Commonplace Book: Alexander McCall Smith

Alexander McCall Smith (of theThe No. 1 Ladies’ Detective Agency series among many other books) has penned a gentle tribute to W. H. Auden. He’s an enthusiast rather than a scholar in my view, and these “How writer x can change your life” usually leave me cold (is there nothing that can’t be instrumentalized into self-help, even reading for pleasure?)  But this effort charmed me. Here he is recalling a trip to a speaking engagement in Perthshire, Scotland, a beautiful landscape that sets up his claim for the central role books play in the Scottish character.


The library lay at the end of the Roman Road, surrounded by fields in which wheat and barley were yet to ripen—lush green paddocks half-hidden by unruly hedgerows. Rioting nettles, clumps of blackthorn and rowan, wide-leafed docken grew along the side of the road until suddenly we reached an old schoolhouse and an ancient graveyard of weathered gray stones. The organizers appeared and introduced themselves, and I was taken to see the library before the guests arrived.

Belief in the word can assume the qualities of a religious faith. At the time when Lord Drummond built this place to house his precious collection of books, Scotland was prone to outbreaks of lawlessness and fierce local enmities. The lives of many were lived under the heel of powerful local clan chiefs who administered rough justice. Life was hard in every respect: this was not the rich landscape of settled England—Highland Scotland was a place in which people scraped a living and more often than not went to bed hungry.

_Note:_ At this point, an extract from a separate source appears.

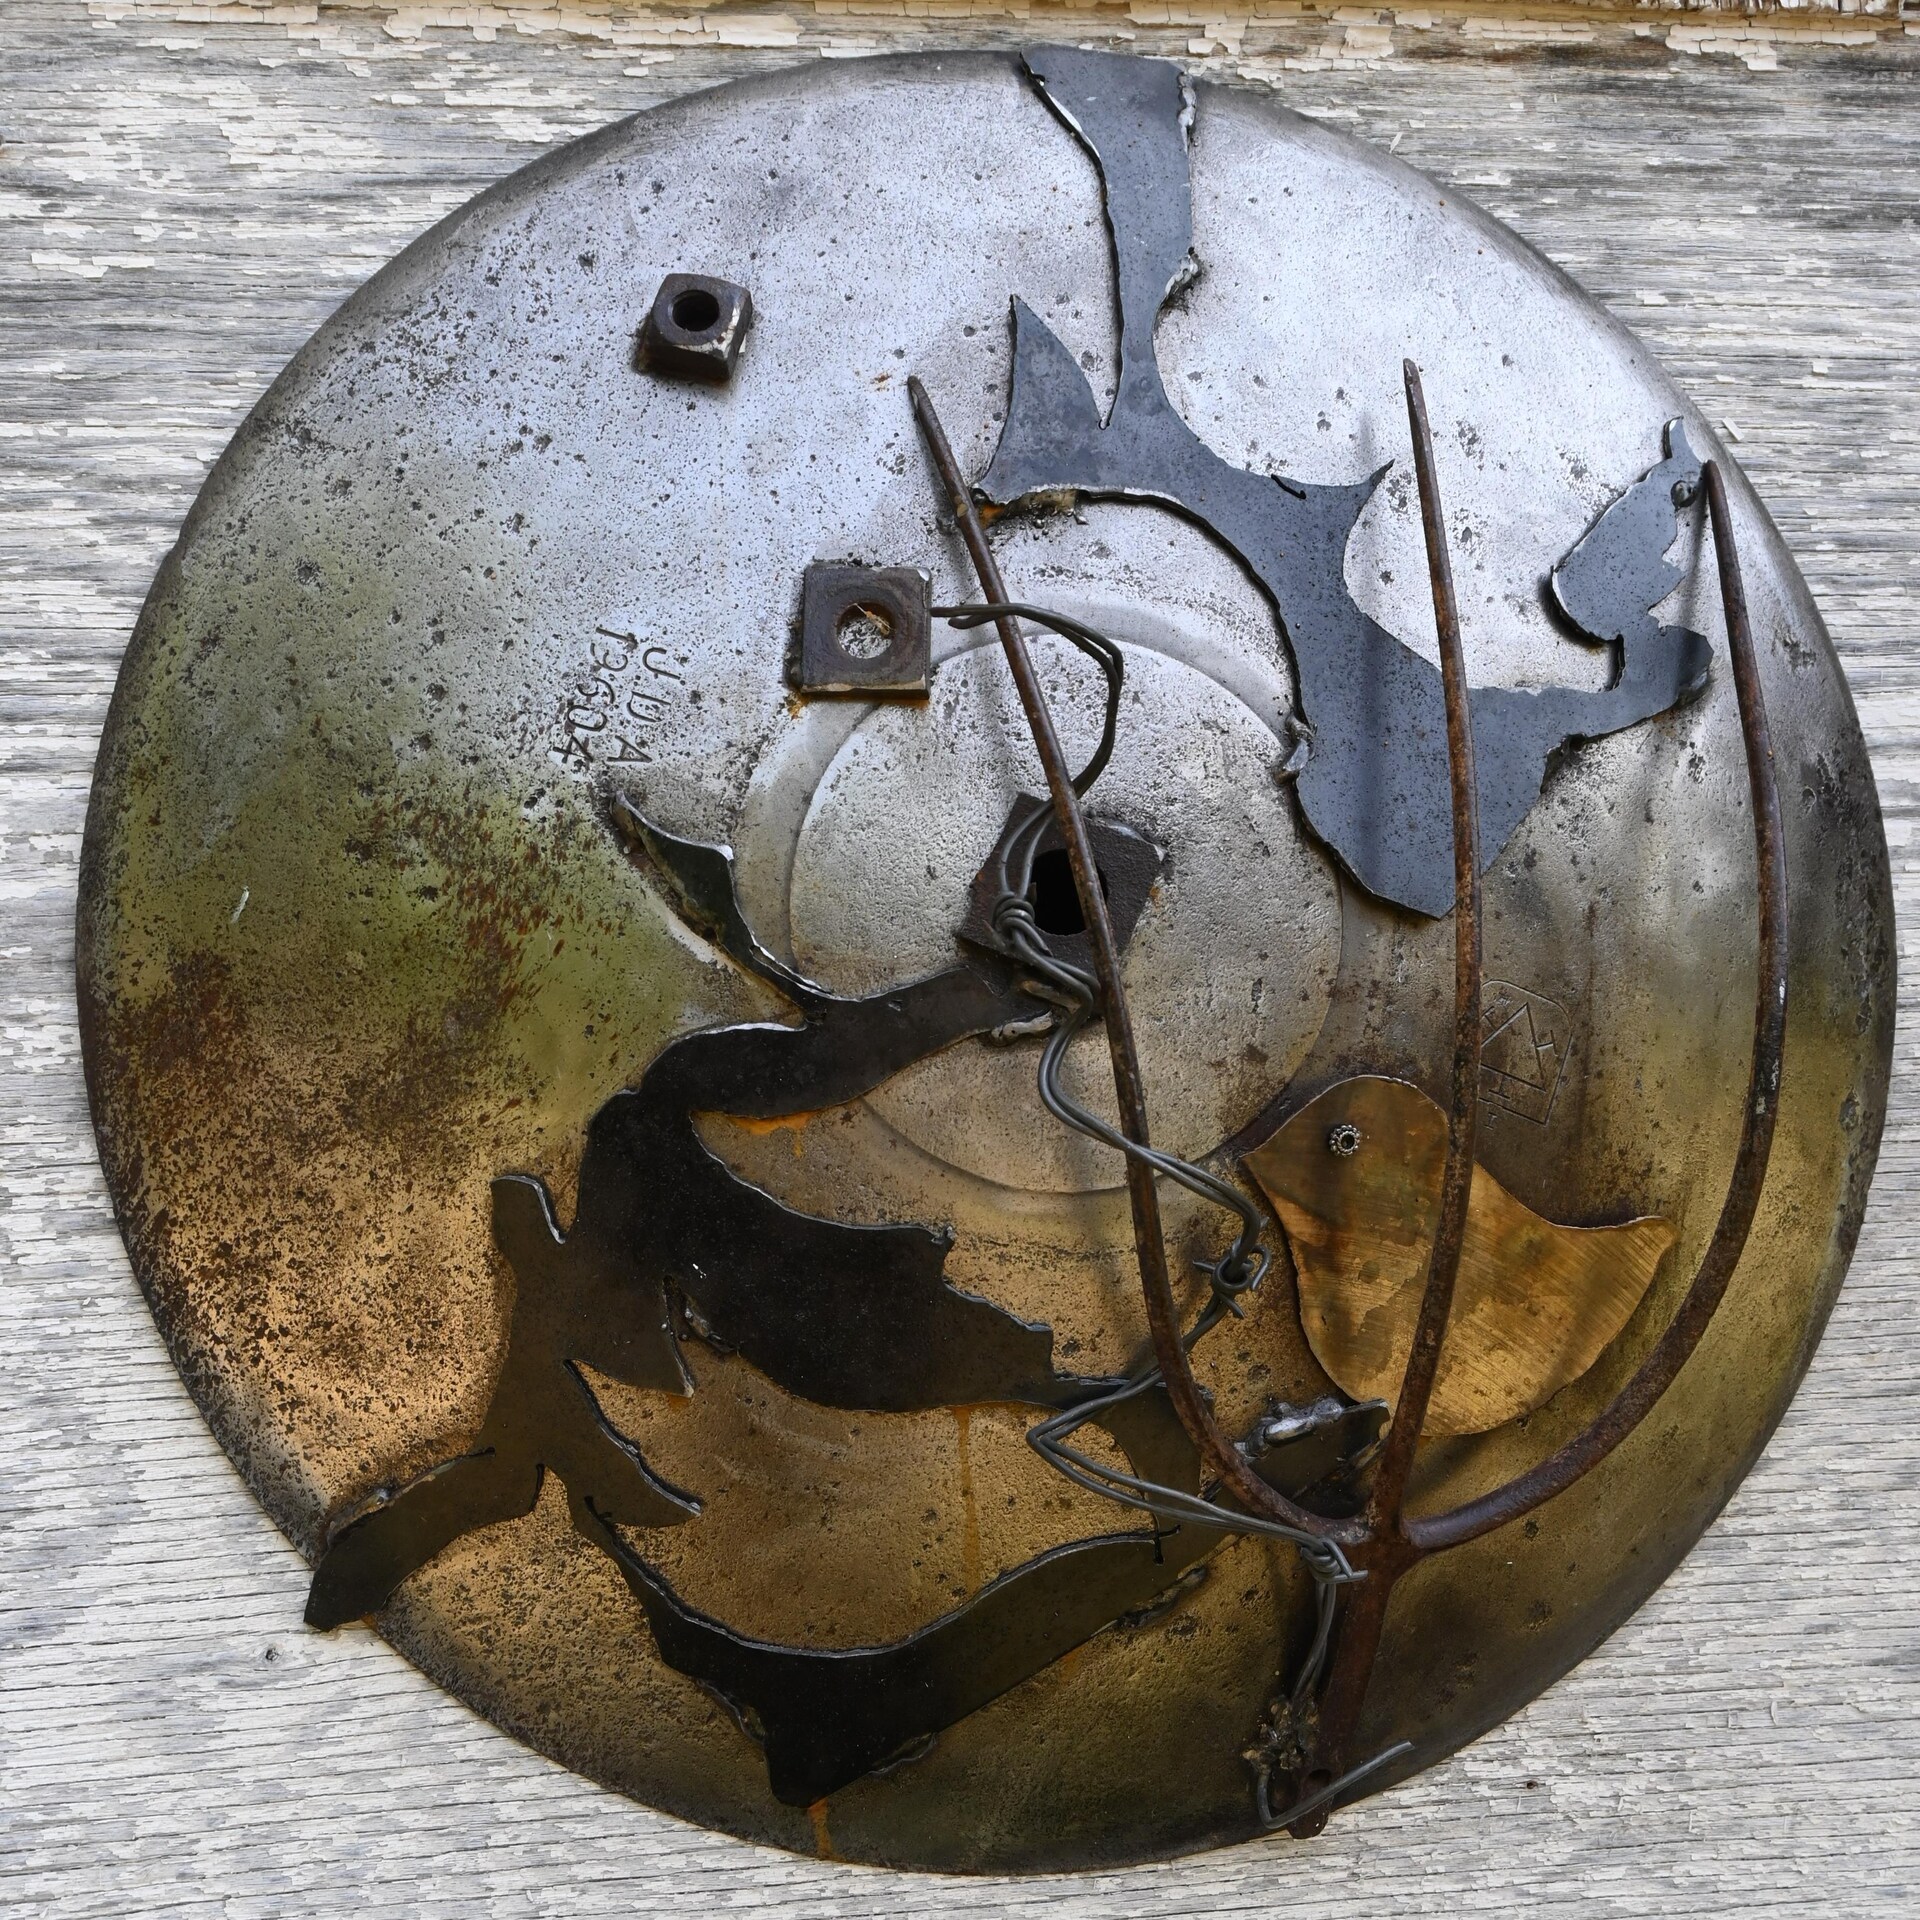 Sur un cercle en métal, l'artiste y a soudé quelques pièces en métal, dont une fourche, des boulons, de la broche et la découpure d'un oiseau.

It was a place of strong religious views. The Scottish Reformation was late but had been passionate and had brought with it a commitment to the setting up of a school in every parish. What later came to be seen as a strong Scottish commitment to education had its roots in the late sixteenth and early seventeenth centuries. Books were the instruments of truth. Books were the means by which the poor could free themselves of what Auden once described as “the suffering to which they are fairly accustomed.” This attitude toward books has stubbornly survived in Scotland, mirroring, perhaps, the Irish attitude to music: both are consolations that will, in their individual way, always see one through.